- **TASK DIRECTIONS**
Stopping at the line that holds "12x Useful multimeter", repeat the lines below exactly, starting from the very first and including that final line.

[Stored data]
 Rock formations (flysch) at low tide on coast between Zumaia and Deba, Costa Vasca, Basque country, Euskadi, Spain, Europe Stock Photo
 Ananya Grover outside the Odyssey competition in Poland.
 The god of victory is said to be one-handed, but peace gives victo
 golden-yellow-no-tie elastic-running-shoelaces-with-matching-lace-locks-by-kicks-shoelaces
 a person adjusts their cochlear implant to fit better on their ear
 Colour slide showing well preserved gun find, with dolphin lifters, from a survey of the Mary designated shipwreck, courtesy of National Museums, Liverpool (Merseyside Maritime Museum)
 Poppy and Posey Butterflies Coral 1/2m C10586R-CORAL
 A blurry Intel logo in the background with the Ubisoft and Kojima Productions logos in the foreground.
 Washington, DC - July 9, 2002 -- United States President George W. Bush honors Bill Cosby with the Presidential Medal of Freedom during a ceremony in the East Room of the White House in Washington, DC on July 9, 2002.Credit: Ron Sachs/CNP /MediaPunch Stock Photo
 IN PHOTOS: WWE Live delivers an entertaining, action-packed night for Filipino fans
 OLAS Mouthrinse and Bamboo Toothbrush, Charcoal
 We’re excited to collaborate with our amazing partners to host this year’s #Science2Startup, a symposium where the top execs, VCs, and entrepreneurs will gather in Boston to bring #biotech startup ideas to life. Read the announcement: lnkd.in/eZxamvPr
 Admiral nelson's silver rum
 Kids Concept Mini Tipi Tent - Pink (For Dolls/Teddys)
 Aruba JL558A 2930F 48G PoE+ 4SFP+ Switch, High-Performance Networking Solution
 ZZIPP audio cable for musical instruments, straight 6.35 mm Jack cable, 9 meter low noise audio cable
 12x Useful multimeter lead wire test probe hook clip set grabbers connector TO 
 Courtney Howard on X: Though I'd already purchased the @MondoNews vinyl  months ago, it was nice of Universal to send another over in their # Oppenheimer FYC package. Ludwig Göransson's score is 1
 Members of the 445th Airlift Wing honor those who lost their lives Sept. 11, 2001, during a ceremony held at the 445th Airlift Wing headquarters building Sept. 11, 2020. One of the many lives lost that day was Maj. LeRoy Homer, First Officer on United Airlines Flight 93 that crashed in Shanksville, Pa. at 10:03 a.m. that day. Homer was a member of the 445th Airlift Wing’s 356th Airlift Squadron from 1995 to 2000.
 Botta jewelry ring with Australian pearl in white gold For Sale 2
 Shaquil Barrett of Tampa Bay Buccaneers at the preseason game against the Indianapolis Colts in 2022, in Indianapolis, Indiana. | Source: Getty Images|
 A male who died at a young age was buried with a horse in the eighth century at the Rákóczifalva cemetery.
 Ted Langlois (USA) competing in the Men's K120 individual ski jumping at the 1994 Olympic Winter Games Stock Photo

- **RESPONSE TO THE TASK**
 Rock formations (flysch) at low tide on coast between Zumaia and Deba, Costa Vasca, Basque country, Euskadi, Spain, Europe Stock Photo
 Ananya Grover outside the Odyssey competition in Poland.
 The god of victory is said to be one-handed, but peace gives victo
 golden-yellow-no-tie elastic-running-shoelaces-with-matching-lace-locks-by-kicks-shoelaces
 a person adjusts their cochlear implant to fit better on their ear
 Colour slide showing well preserved gun find, with dolphin lifters, from a survey of the Mary designated shipwreck, courtesy of National Museums, Liverpool (Merseyside Maritime Museum)
 Poppy and Posey Butterflies Coral 1/2m C10586R-CORAL
 A blurry Intel logo in the background with the Ubisoft and Kojima Productions logos in the foreground.
 Washington, DC - July 9, 2002 -- United States President George W. Bush honors Bill Cosby with the Presidential Medal of Freedom during a ceremony in the East Room of the White House in Washington, DC on July 9, 2002.Credit: Ron Sachs/CNP /MediaPunch Stock Photo
 IN PHOTOS: WWE Live delivers an entertaining, action-packed night for Filipino fans
 OLAS Mouthrinse and Bamboo Toothbrush, Charcoal
 We’re excited to collaborate with our amazing partners to host this year’s #Science2Startup, a symposium where the top execs, VCs, and entrepreneurs will gather in Boston to bring #biotech startup ideas to life. Read the announcement: lnkd.in/eZxamvPr
 Admiral nelson's silver rum
 Kids Concept Mini Tipi Tent - Pink (For Dolls/Teddys)
 Aruba JL558A 2930F 48G PoE+ 4SFP+ Switch, High-Performance Networking Solution
 ZZIPP audio cable for musical instruments, straight 6.35 mm Jack cable, 9 meter low noise audio cable
 12x Useful multimeter lead wire test probe hook clip set grabbers connector TO 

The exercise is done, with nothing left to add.